En mai 2017, le festival en sera à sa 13e édition. Nous sommes demeurés fidèles à notre formule de concert intime et à notre volonté de permettre à des groupes émergents de se produire devant des mordus de musique. Un public d’amateurs enthousiastes qui a fait la renommée du festival. Les gens apprécient par dessus tout le côté intimiste et convivial du festival et ils sont d’ailleurs nombreux chaque année à venir me voir et me demander de conserver cette formule. Les musiciens se mêlent au public et il est possible pour les amateurs d’avoir des conversations avec eux entre les concerts. Les musiciens apprécient aussi l’atmosphère « relax » et cette possibilité d’échanger avec le public.
Qui sont les acteurs-clés de votre festival (organisateurs, bénévoles, collectivités,…) ? Comment est-il financé (sponsors, subventions,…) ?
Hormis moi-même qui m’occupe de la programmation, de la publicité, des réservations , de la logistique, on retrouve des bénévoles qui s’impliquent lors de la fin de semaine du festival en s’occupant notamment du transport des musiciens entre l’aéroport et l’hôtel et entre l’hôtel et la salle. Il y a aussi bien sûr l’équipe technique de la salle qui sans faire partie de l’équipe du festival… en fait tout de même partie lors de cette fin de semaine ! Le festival ne reçoit aucune subvention et ne bénéficie du support d’aucun commanditaire.
Le cas échéant, quelles sont les principales difficultés que vous rencontrez (ou avez rencontrées) dans l’organisation de votre festival ?
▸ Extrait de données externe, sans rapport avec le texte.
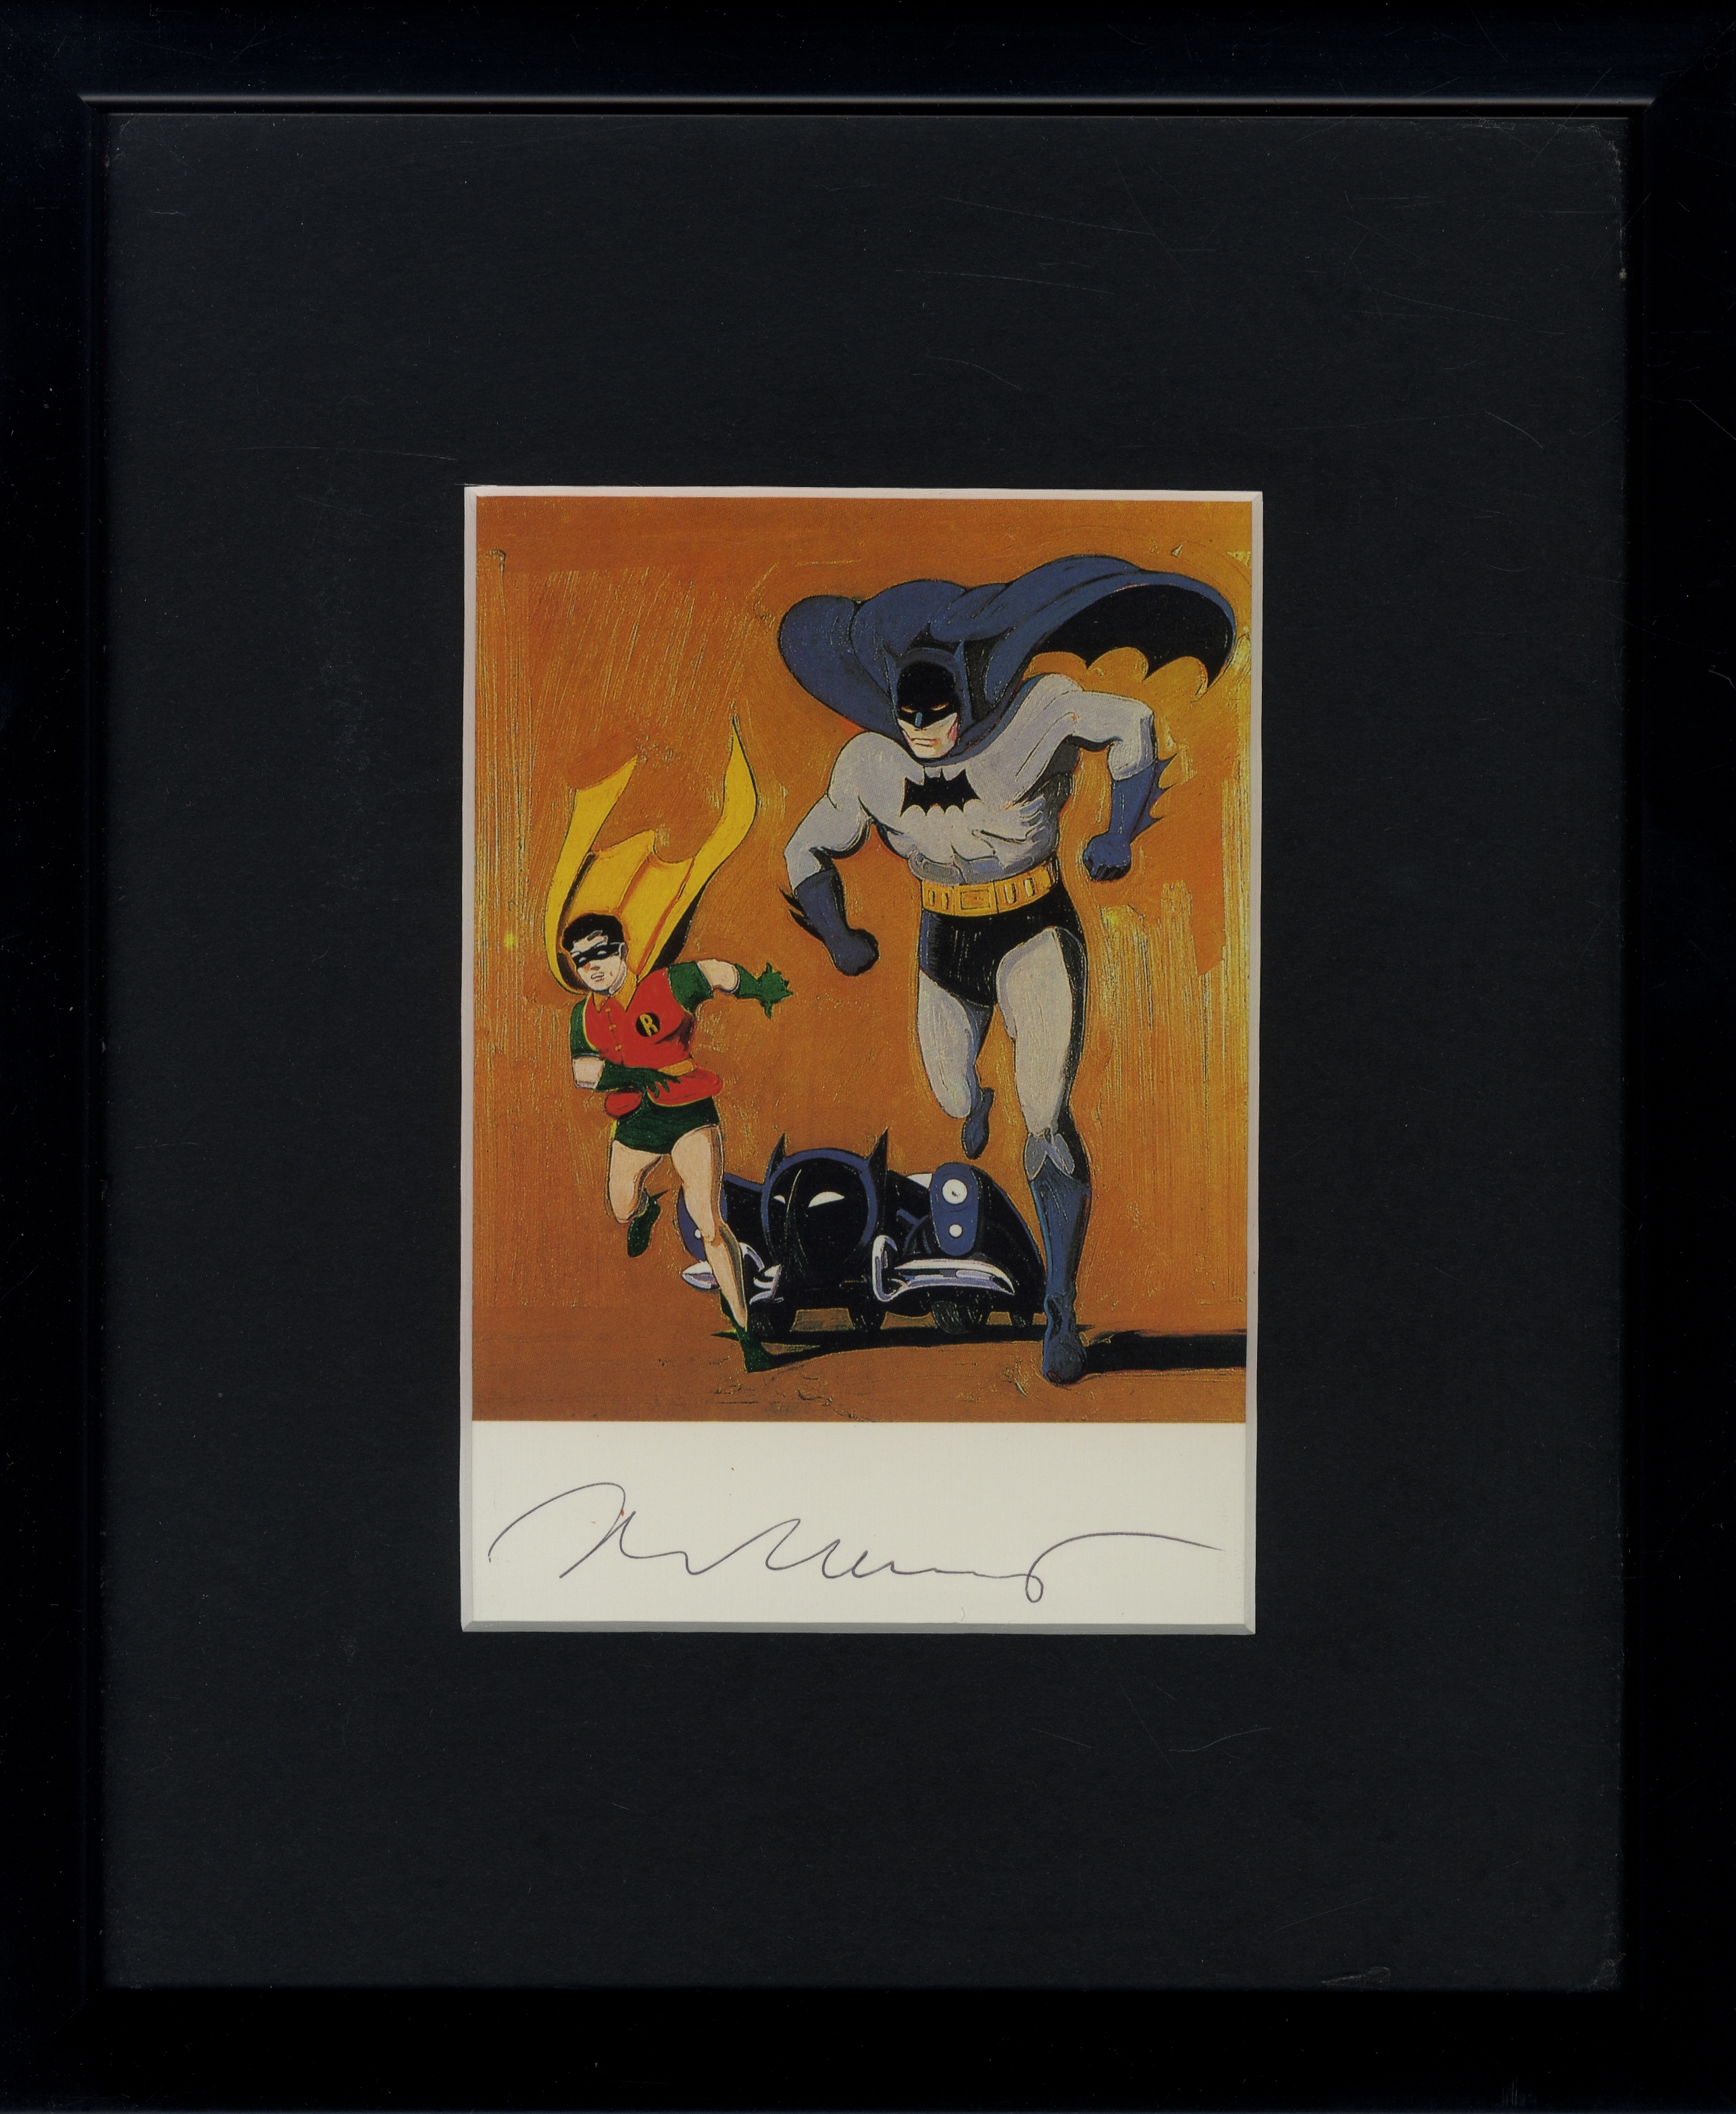 [BATMAN]: RAMOS MEL: (1935- ) American Artist, a member of the Pop Art movement in the 1960s.

Ne bénéficiant d’aucune subvention vous devinez que la principale difficulté demeure de travailler avec un budget limité et sans véritable marge de manœuvre. A chaque année on ne sait jamais si la vente de billets permettra de boucler le budget. Et puis le fait qu’une bonne partie des groupes qui s’y produisent soit européenne complique énormément les choses. En ce qui concerne l’assistance, le principal problème réside dans la fragmentation du public prog. On constate parfois que les amateurs de prog ne sont pas …des amateurs de prog mais des fans de certains groupes prog. Il faut dénicher des têtes d’affiche qui vont susciter l’intérêt car souvent les autres groupes présentés la même journée ne sont pas toujours assez « connus ». C’est là que réside la difficulté dans la préparation de la programmation. Si l’on tient compte de la volonté du festival d’inviter des groupes émergents et de présenter des concerts dans un cadre intimiste, il faut donc trouver un équilibre en dénichant la « locomotive » susceptible de faire bouger les choses tout en respectant les limites qu’imposent le côté intimiste de la salle en terme de vente de billets.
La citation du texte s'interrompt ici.